**EXERCISE DESCRIPTION**
Each line in the material below, starting at the one that contains "ViewSonic CD4200 manual" and ending at the one that contains "LiteRide 360 Clog T Taffy Pink/Orange Zing", should be repeated exactly; the pictures should not.
#### EXTRACTED RECORDS
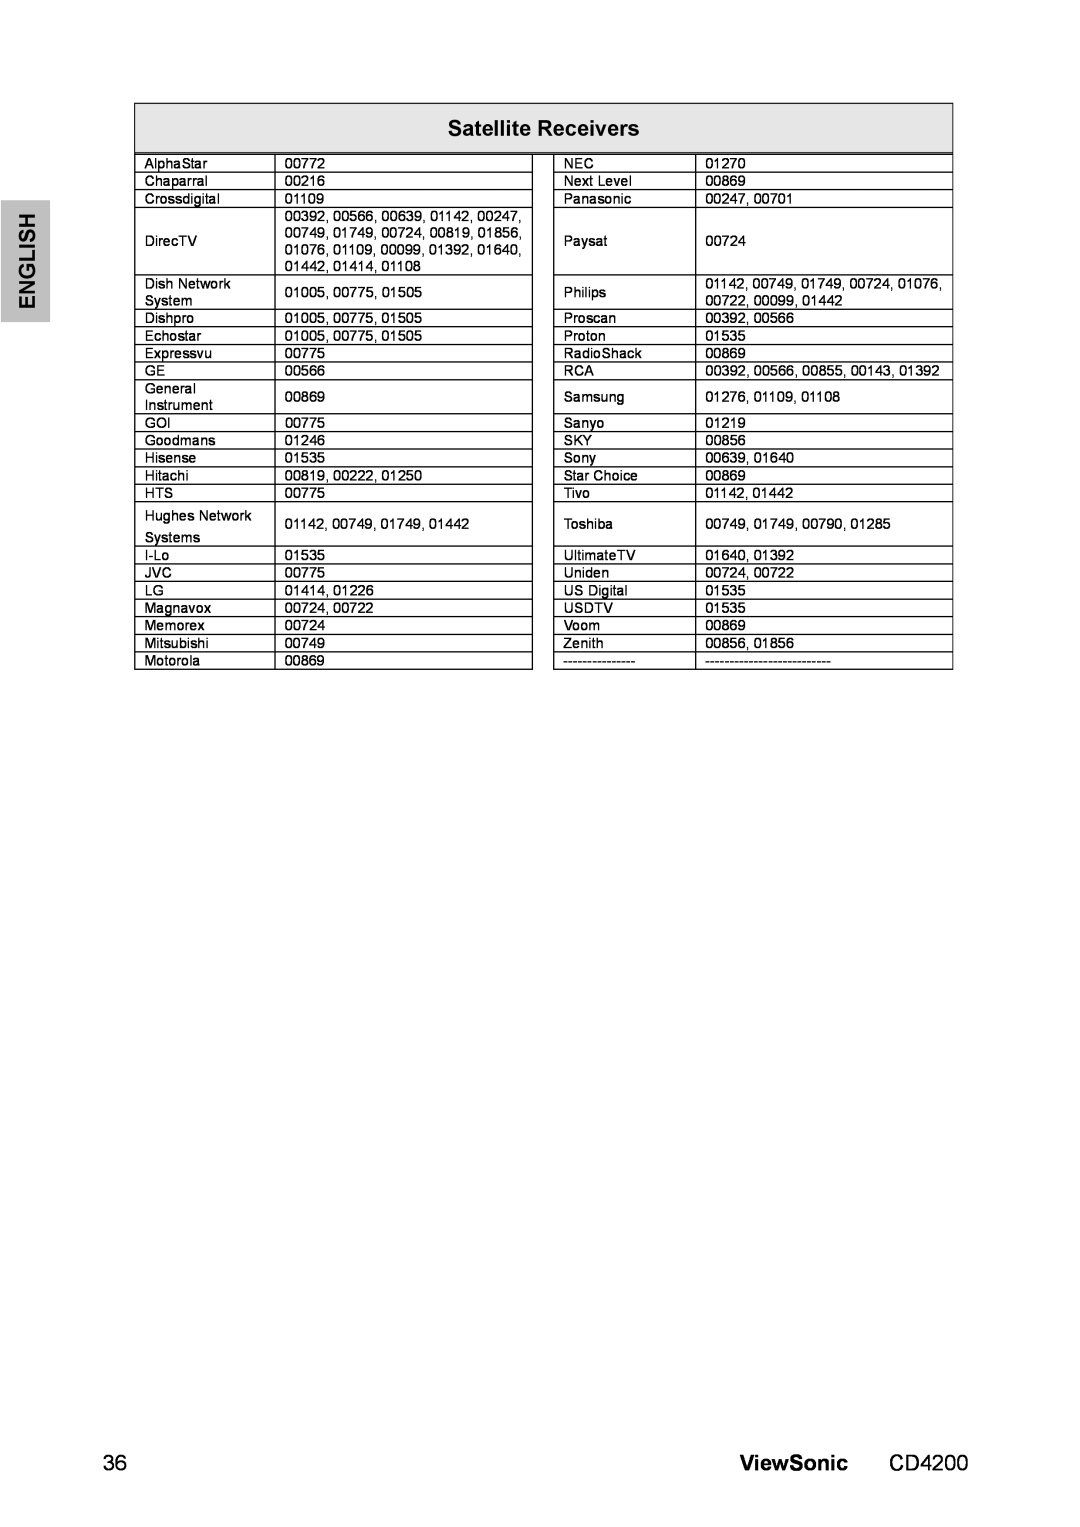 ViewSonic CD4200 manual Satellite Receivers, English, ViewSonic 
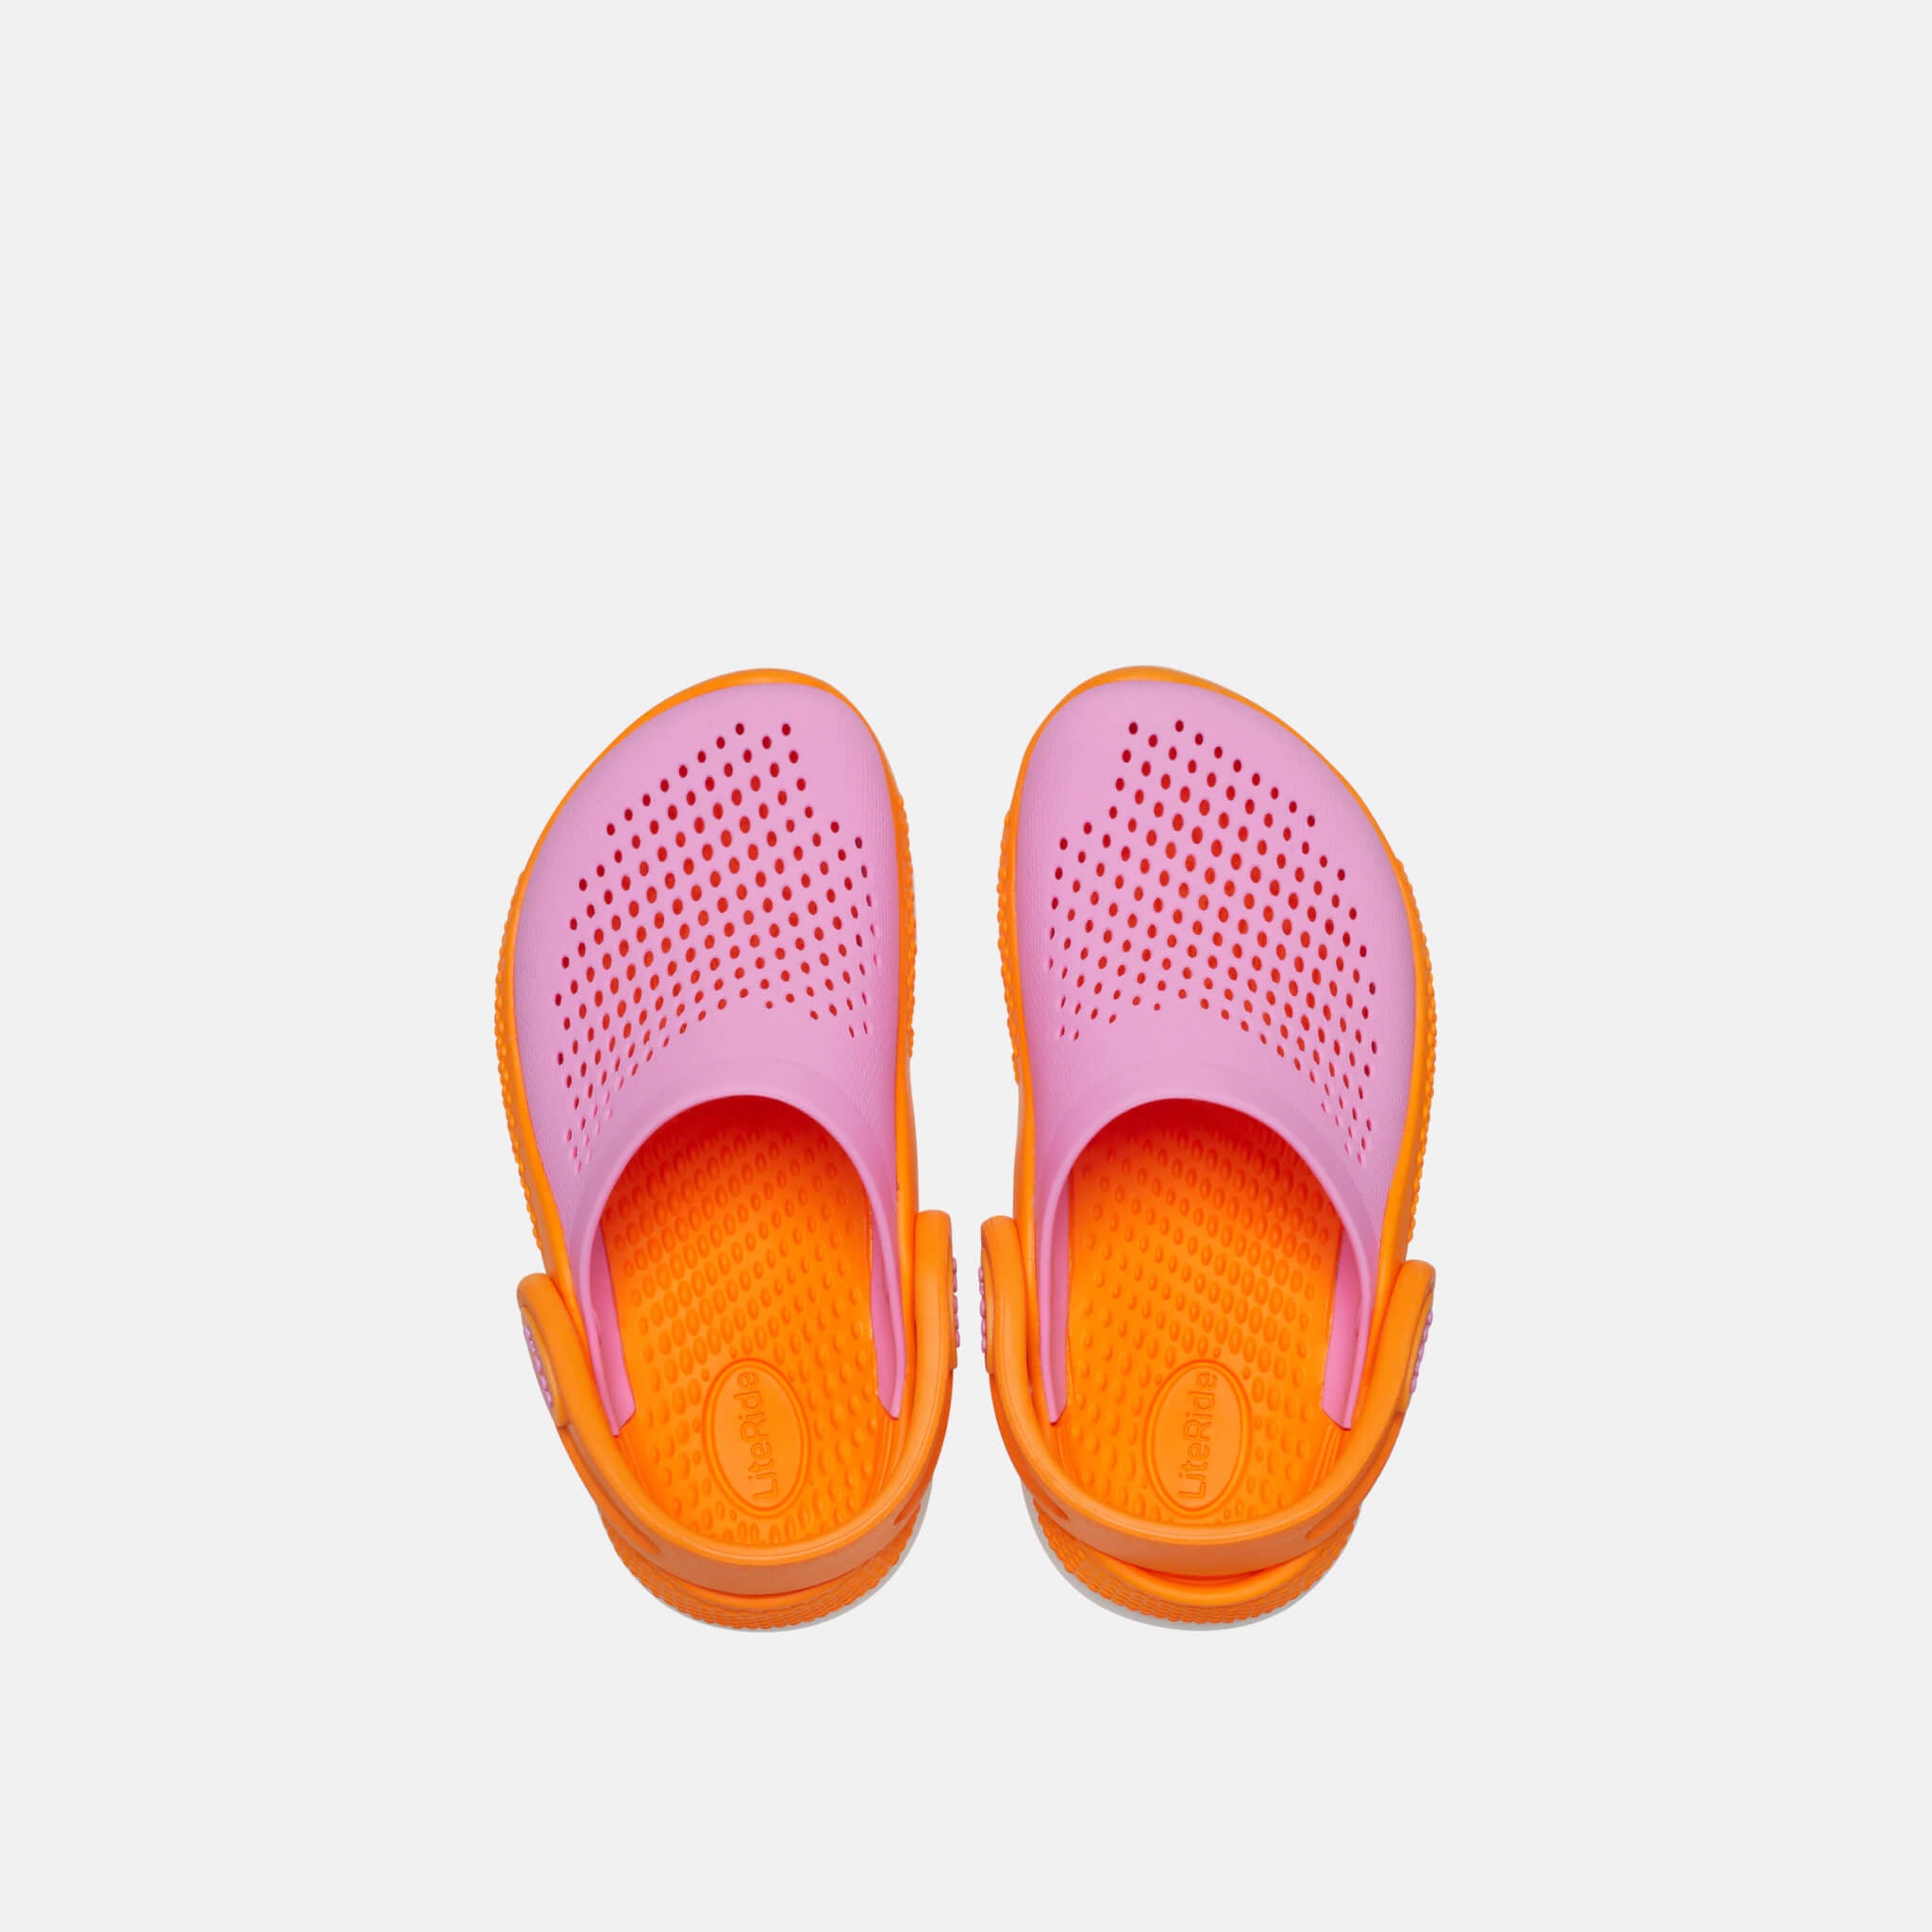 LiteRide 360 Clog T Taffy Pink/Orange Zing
########
#### EXTRACTED RECORDS
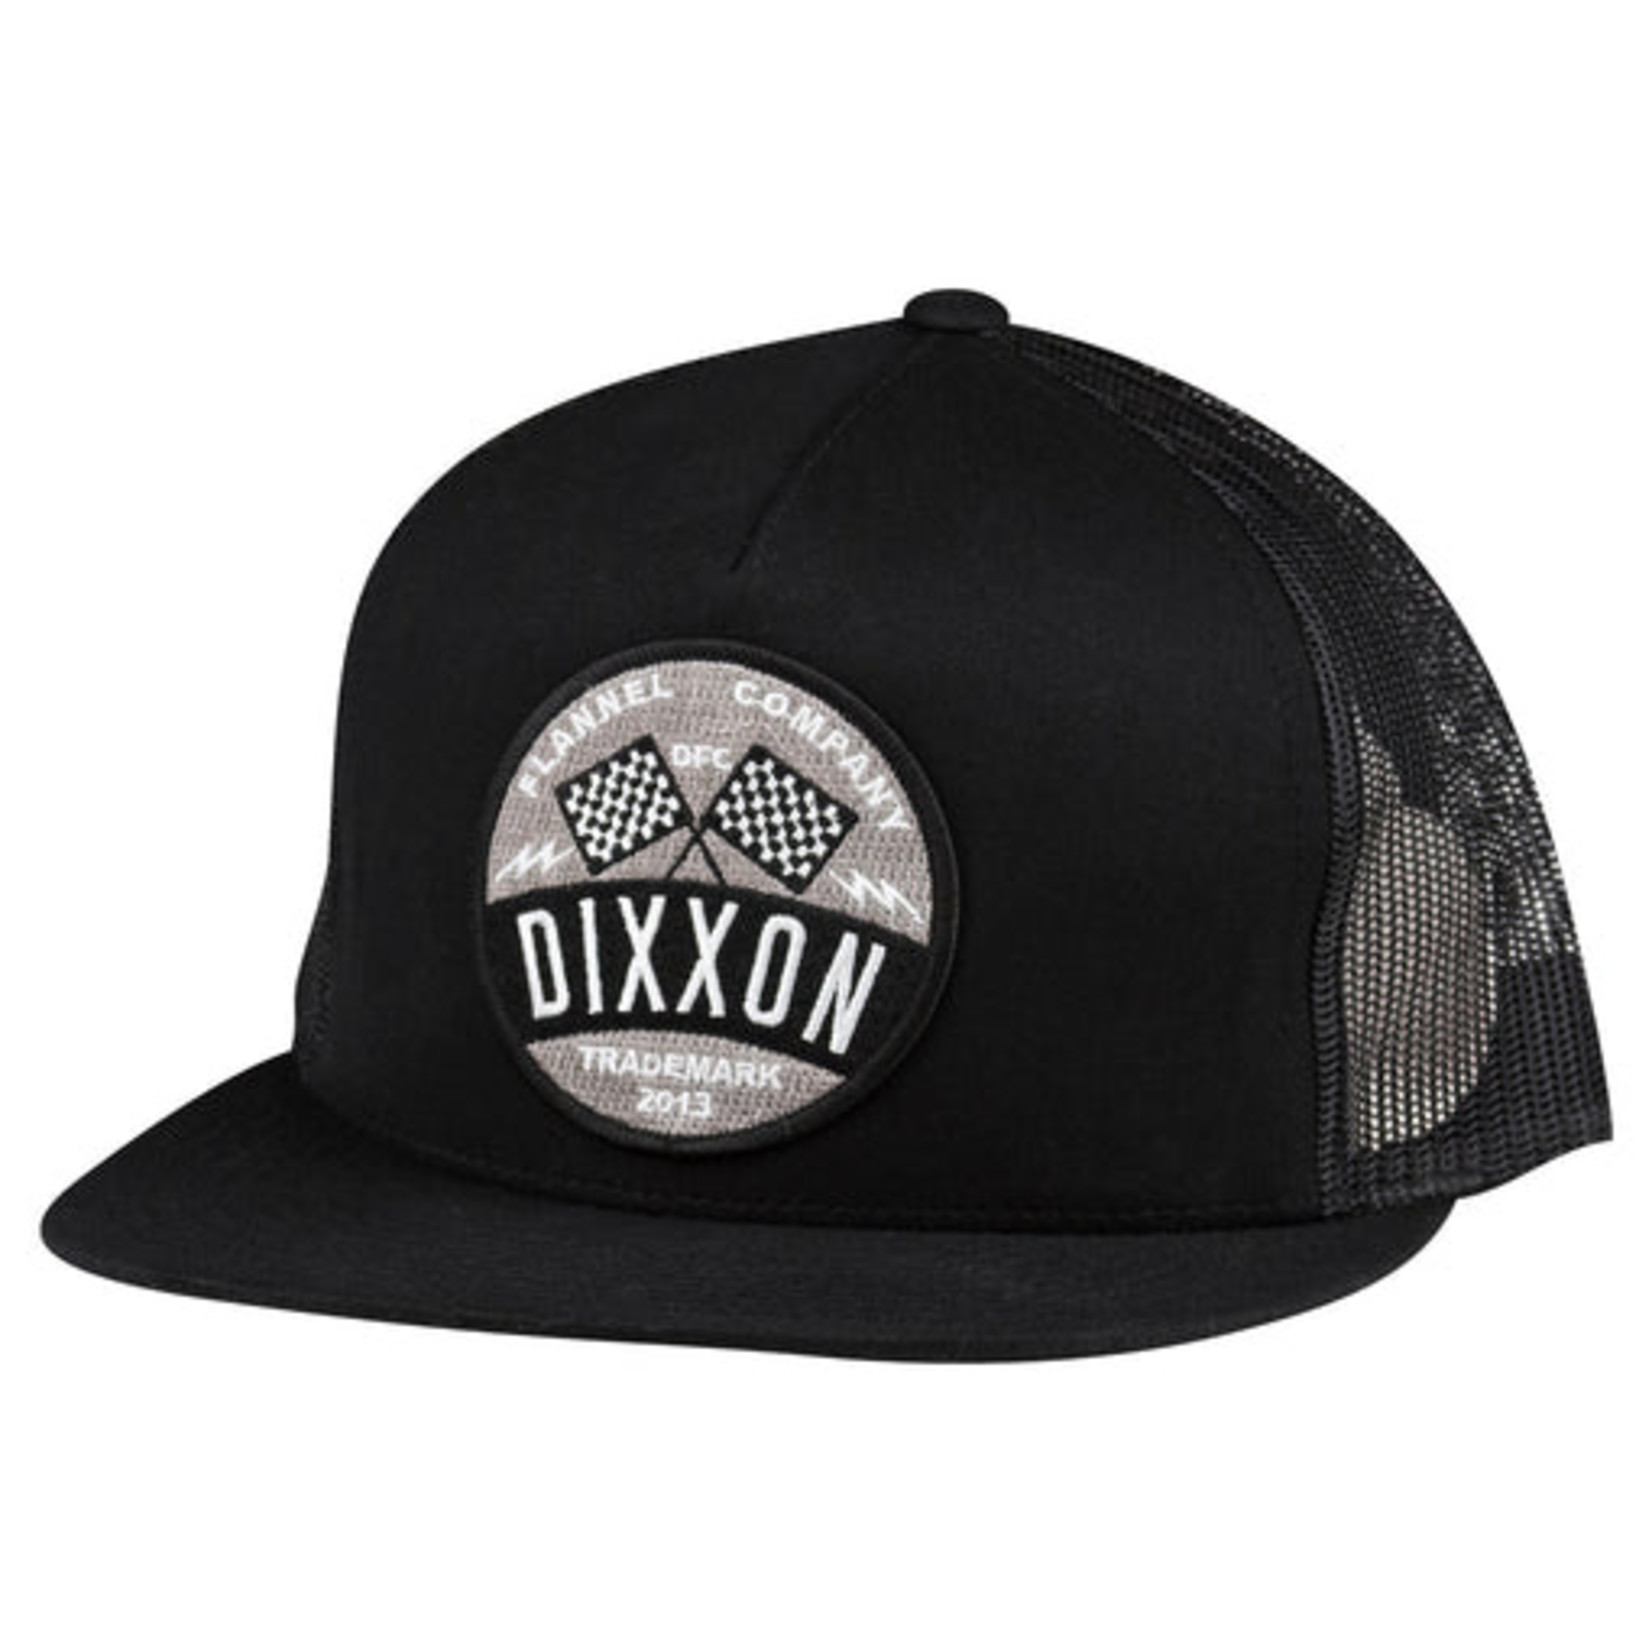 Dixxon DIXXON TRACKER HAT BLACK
########
#### EXTRACTED RECORDS
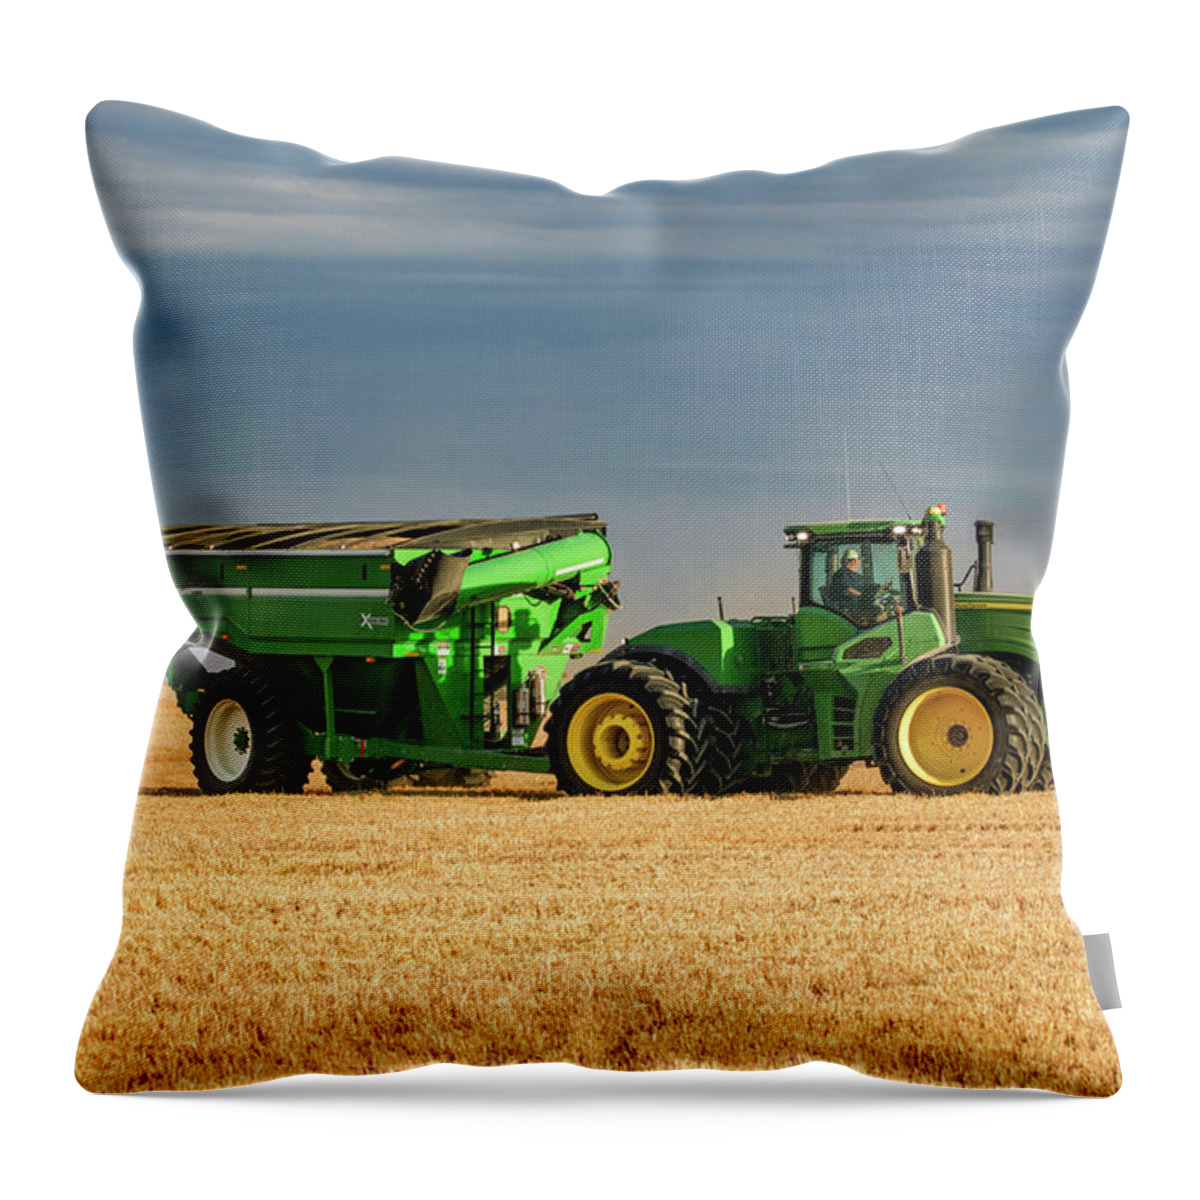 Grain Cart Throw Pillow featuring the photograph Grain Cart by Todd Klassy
########
**ANSWER AREA**
 ViewSonic CD4200 manual Satellite Receivers, English, ViewSonic 
 LiteRide 360 Clog T Taffy Pink/Orange Zing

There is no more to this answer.